● Information provided
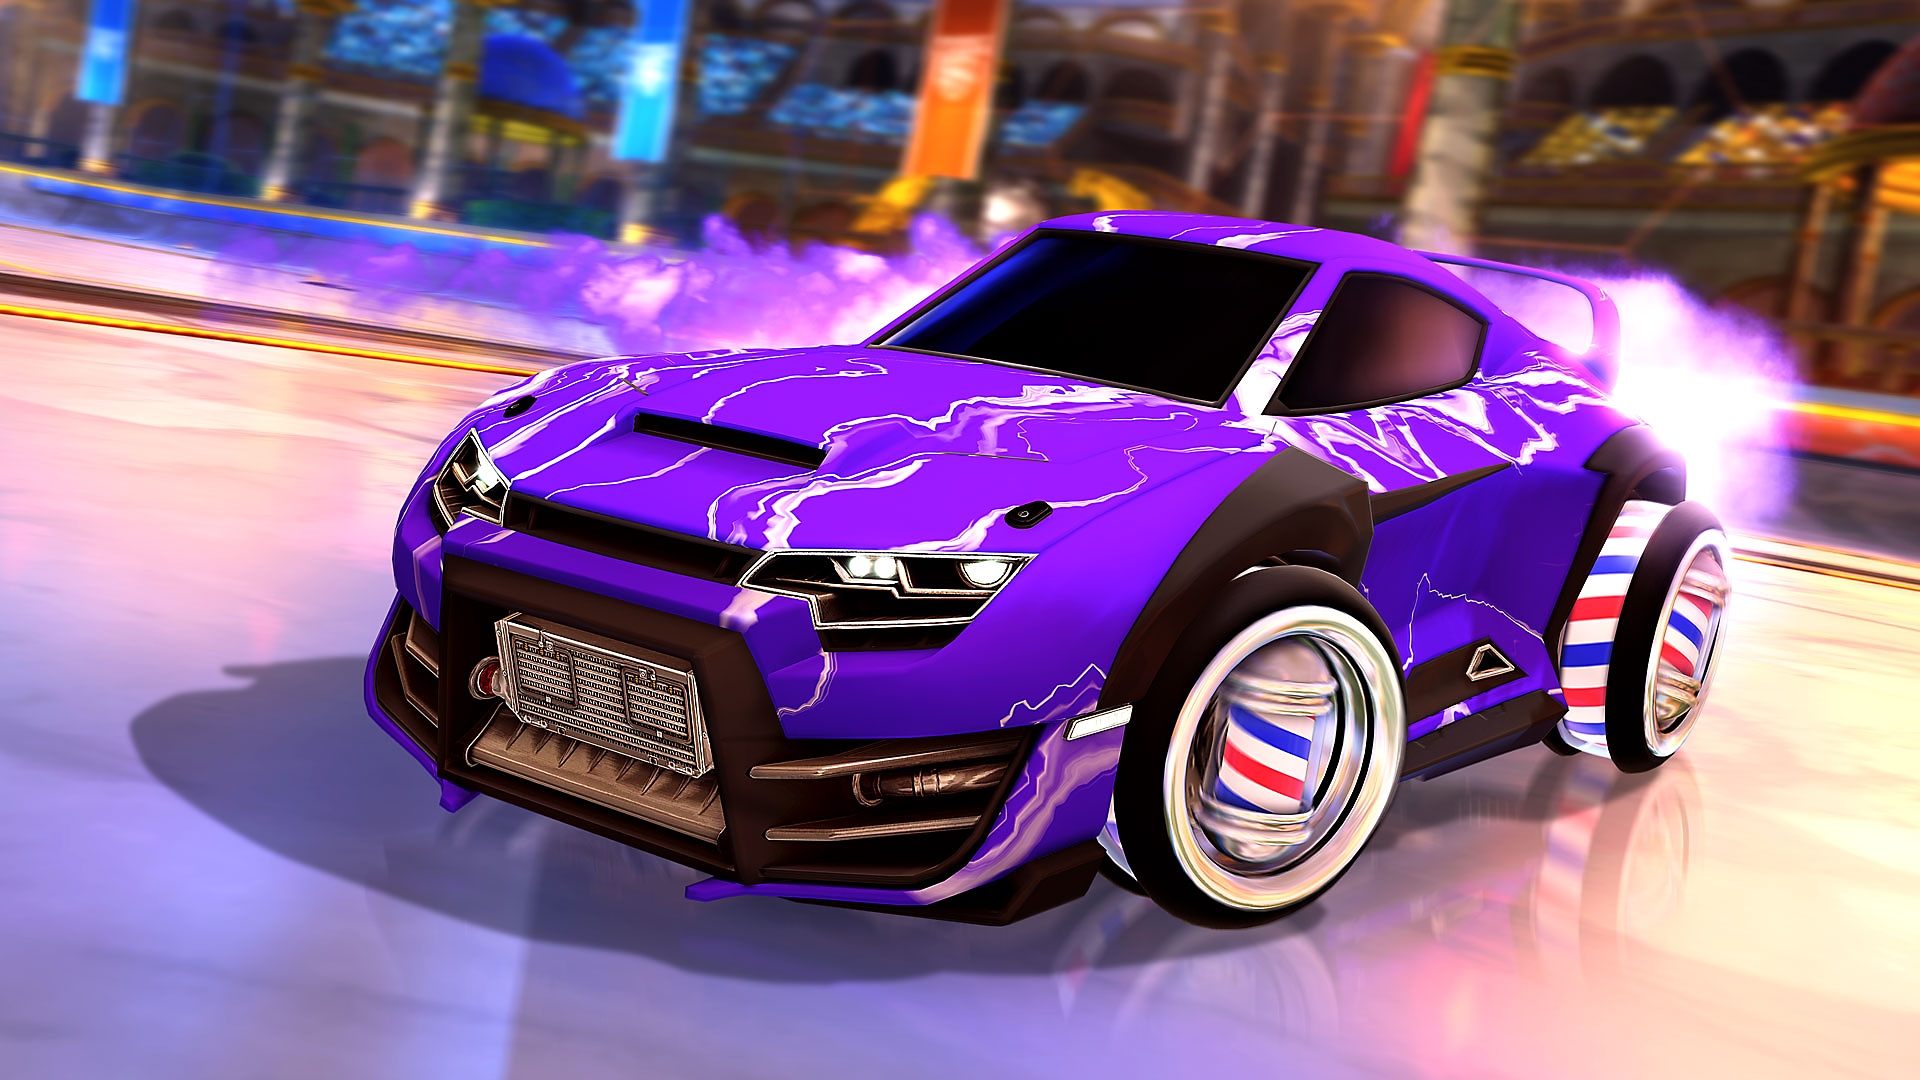 A Rocket League képernyőképe, rajta egy lila autó
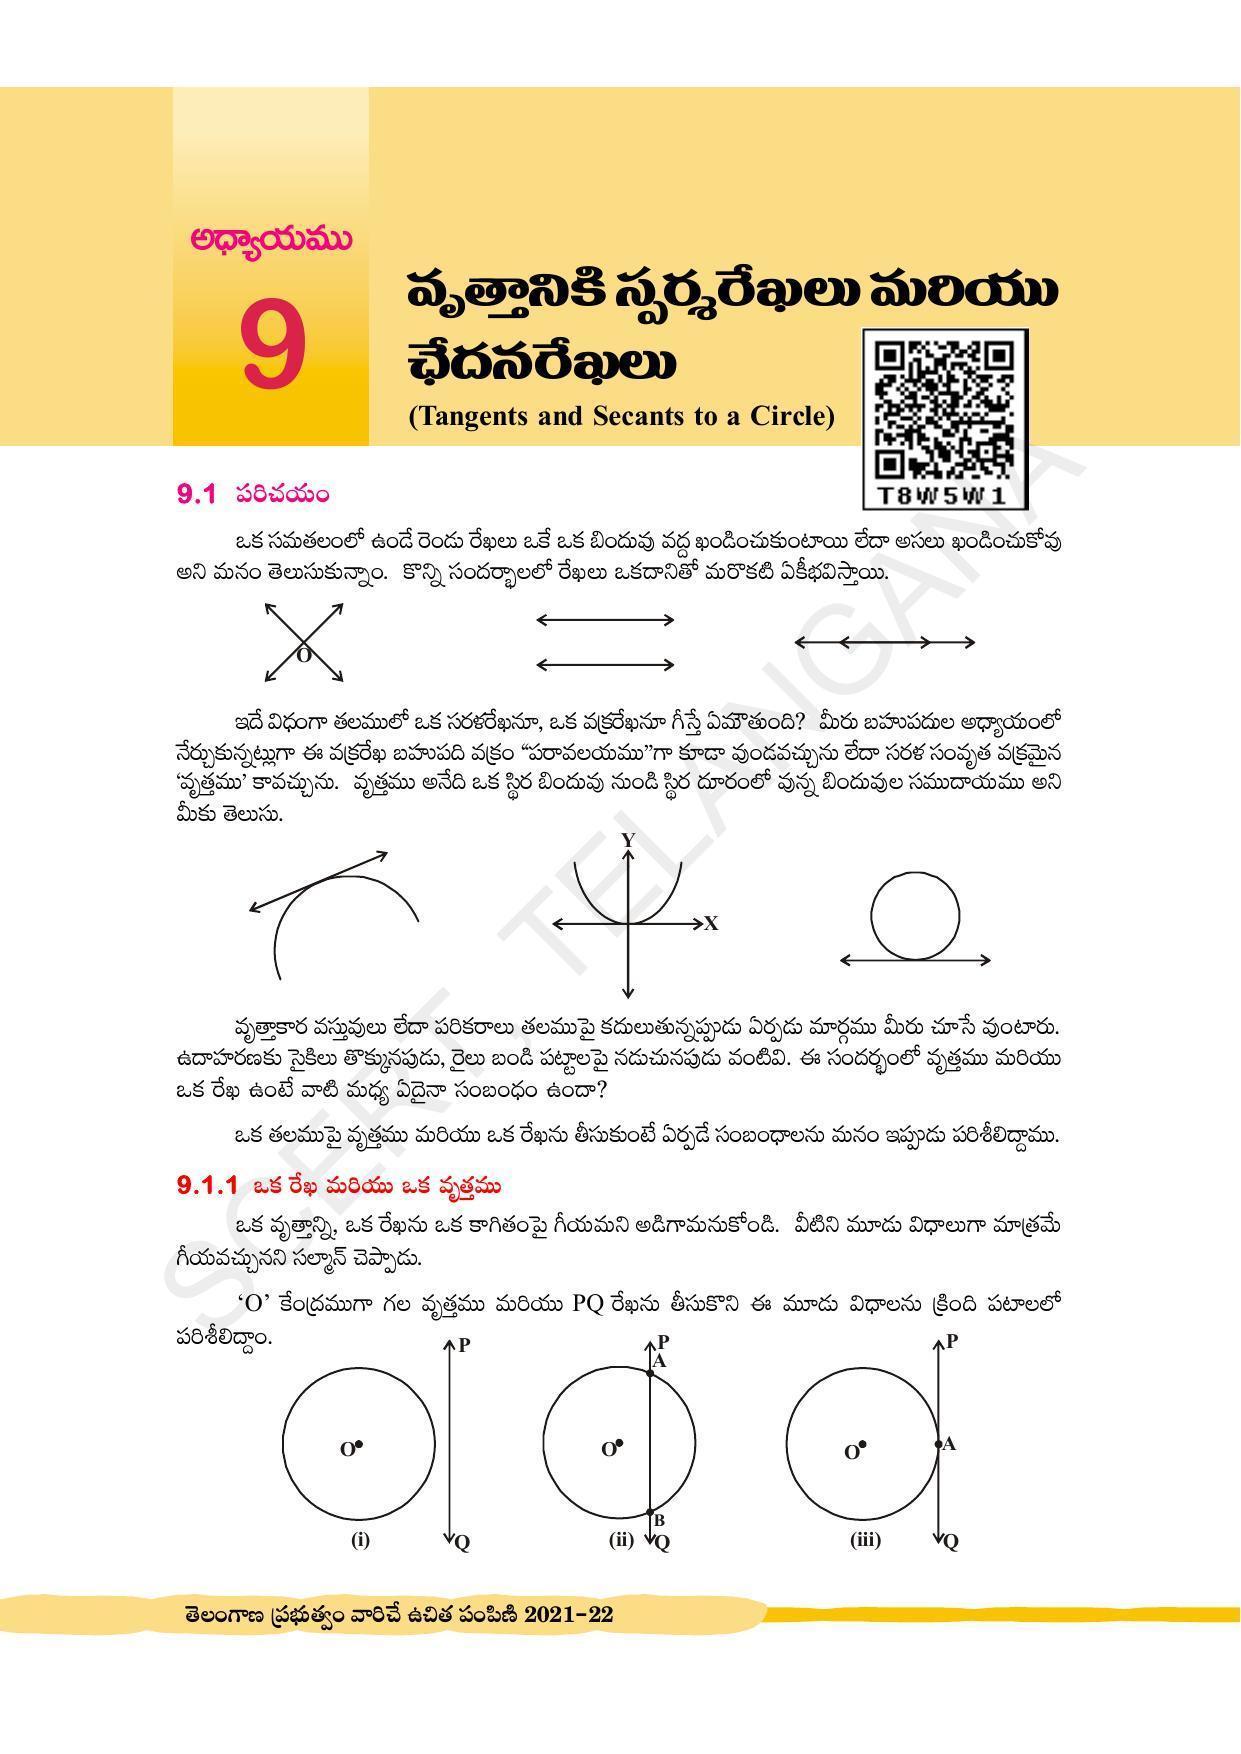 TS SCERT Class 10 Maths (Telugu Medium) Text Book - Page 239
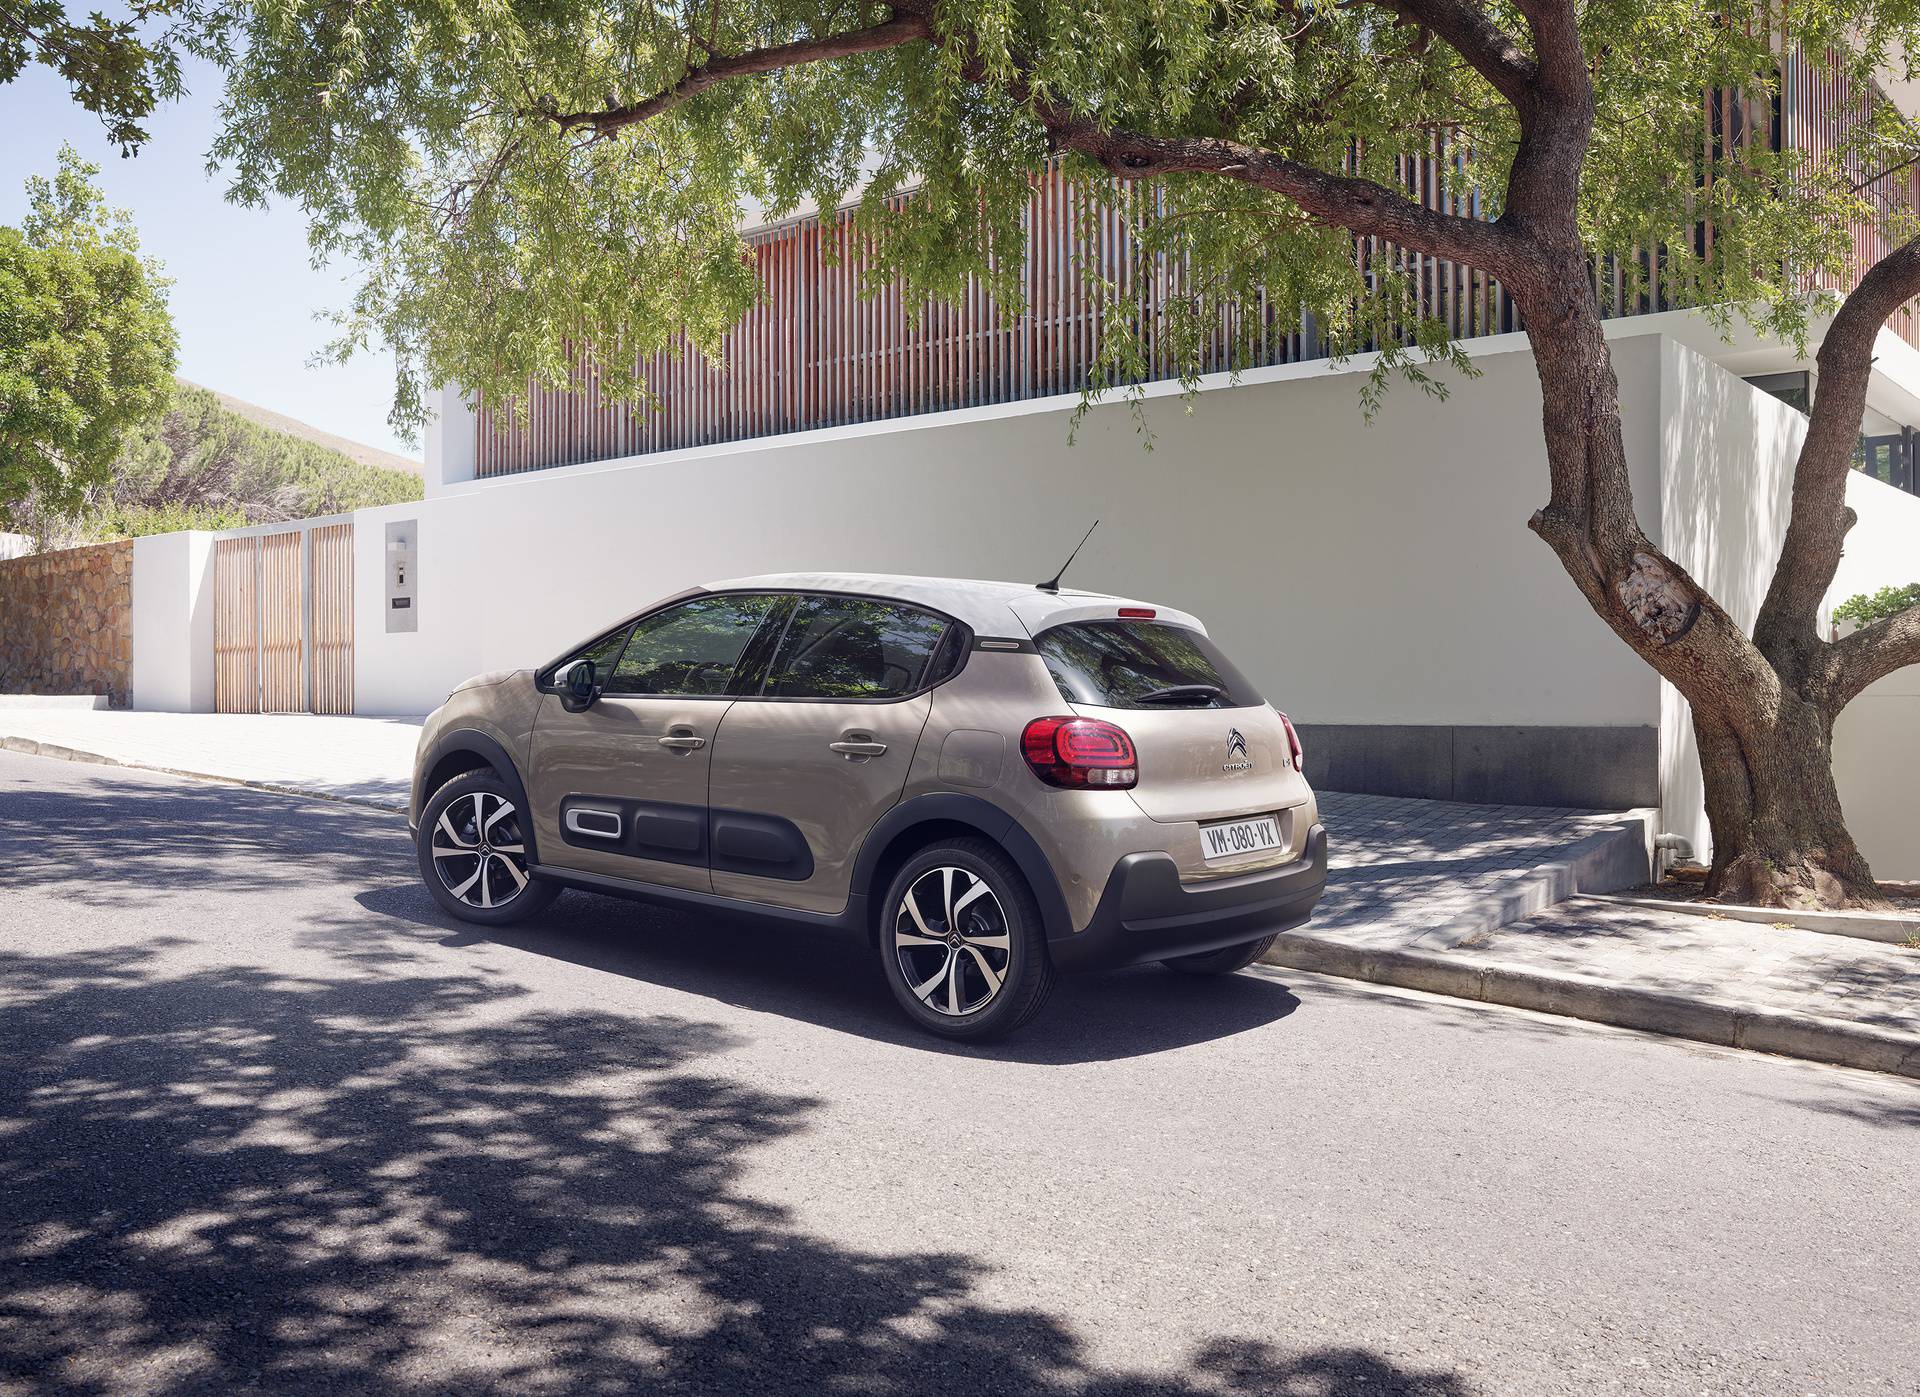 Stigao redizajnirani Citroën C3 s novim izgledom i opremom

● Work to be completed
Omit each picture, then return all of the listing exactly as it stands.

● Exercise solution
 A Rocket League képernyőképe, rajta egy lila autó
 TS SCERT Class 10 Maths (Telugu Medium) Text Book - Page 239
 Stigao redizajnirani Citroën C3 s novim izgledom i opremom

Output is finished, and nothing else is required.